During the next few years, at least, most doctors will not be working for the corporations, although many may choose to invest in or enter into joint business ventures with them. Unless the health care corporations hire large full-time medical staffs (an unlikely prospect at least for now) they will still depend on independent doctors to refer patients to their hospitals. Profit-making as well as voluntary hospitals will therefore continue to court the patronage of doctors without controlling them. Physicians still have strong influence over our health care system for precisely the reasons Starr so clearly gives.
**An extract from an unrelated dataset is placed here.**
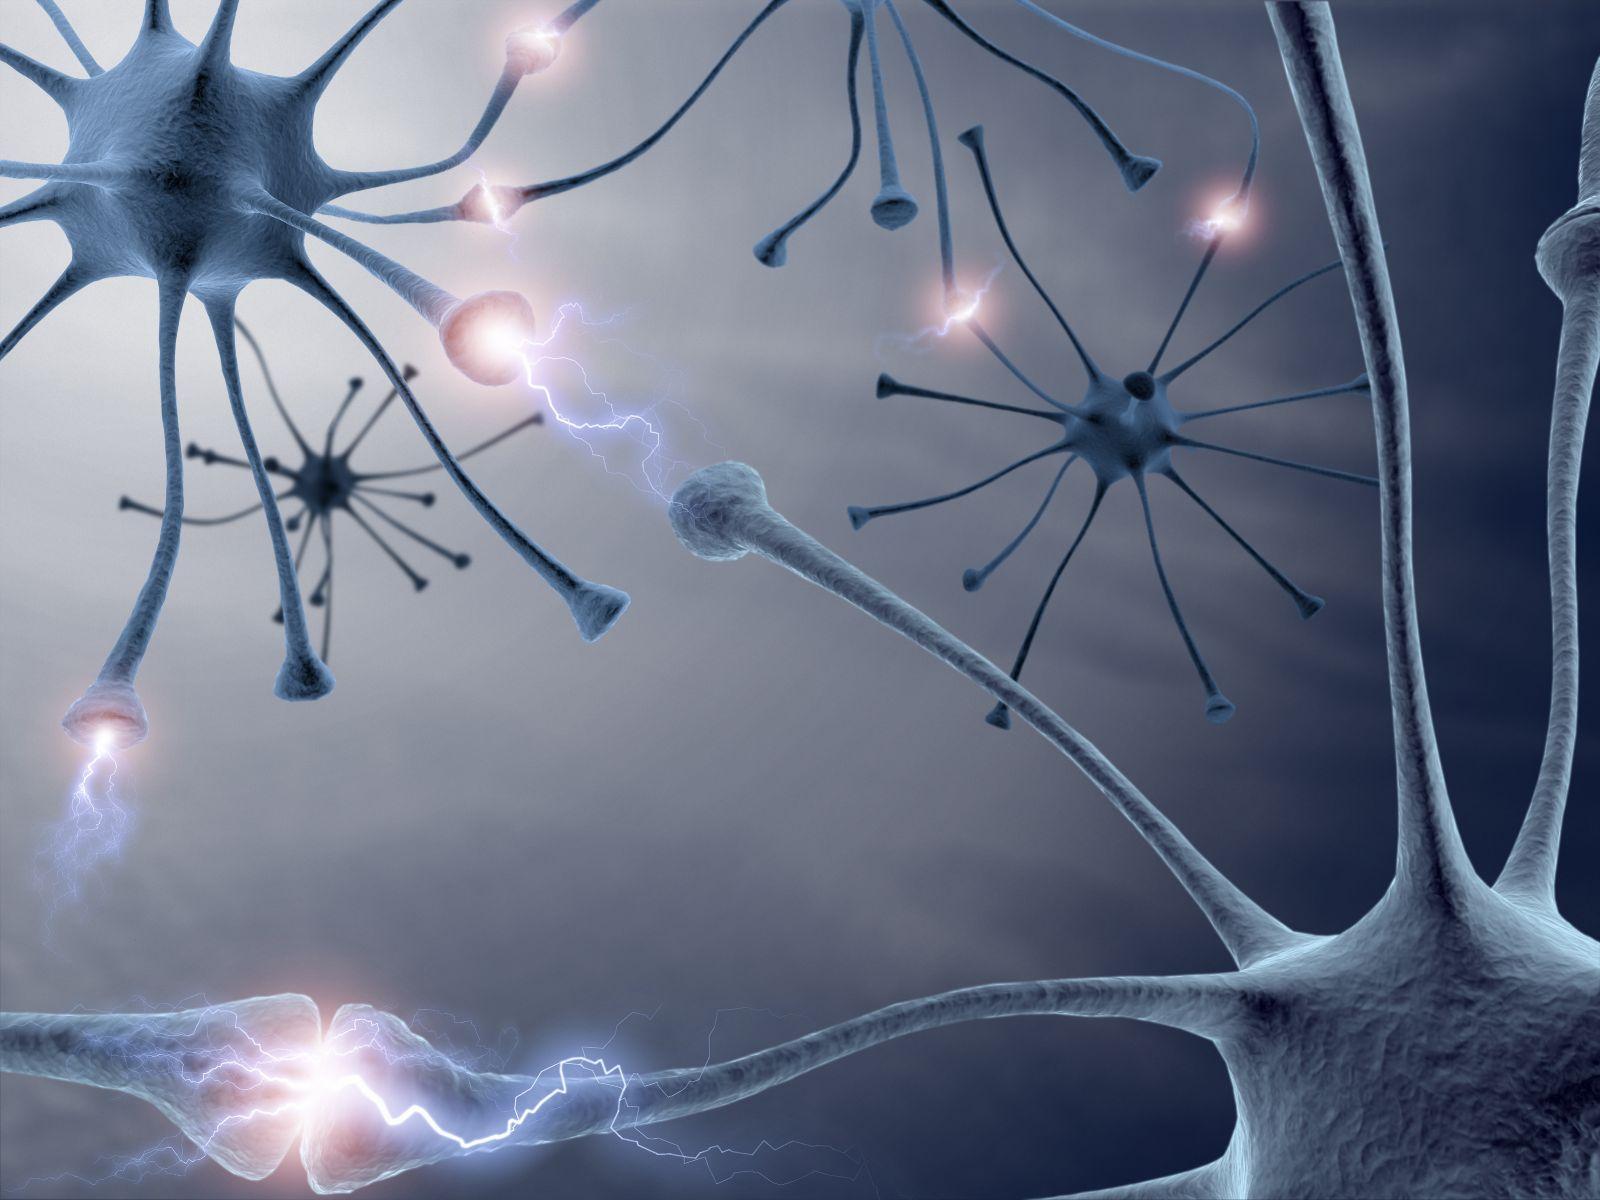 تقویت حافظه انسان با ایمپلنت مغزی!
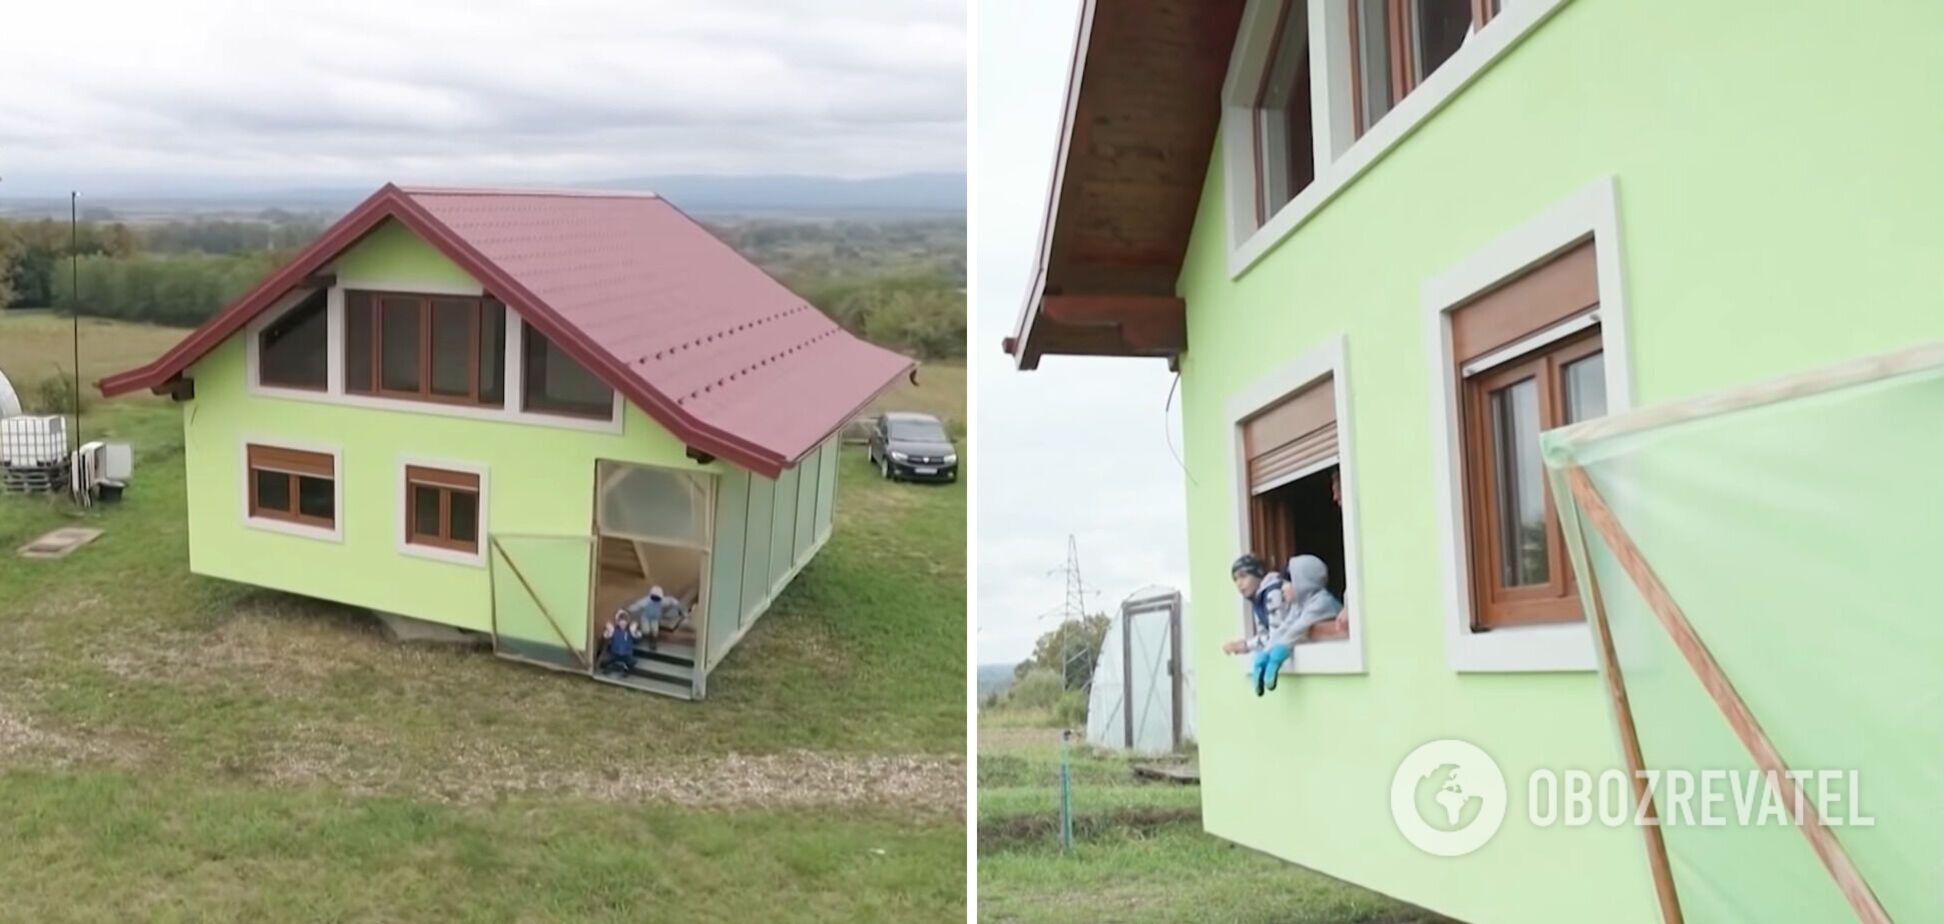 Чоловік побудував обертовий будинок заради дружини, яку не влаштовував краєвид із вікна. Відео

The future depends not only on the choices that the American public still has to make, as Starr says, but on whether doctors will decide to become businessmen and entrepreneurs, or will decide to represent their patients’ interests, including those patients who are not well-off or lack adequate medical insurance.

As a member of the medical profession I find that what I fear most about the increase of medical commercialism is not that it will cause a loss of control by doctors but that it will erode the ethical foundations upon which our profession rests. The moral commitment of physicians to put their patients’ interests first has given the medical profession its “authority”—that, and its technical competence. About medical treatment and research itself, Starr has little to say. And while he reasonably implies that doctors should have been devising more equitable schemes for health care, he does not suggest how the moral obligations of doctors should be fulfilled. Nor, it must be said, have most of the other experts who have written on fundamental questions of health care. At least Starr has provided a historical analysis that will be indispensable to any discussion of the medical profession’s responsibilities and its future.

  1. *

    For a description and analysis of the growing health care industry, see a new book by Stanley Wohl: The Medical Industrial Complex (to be published by Harmony Books in April).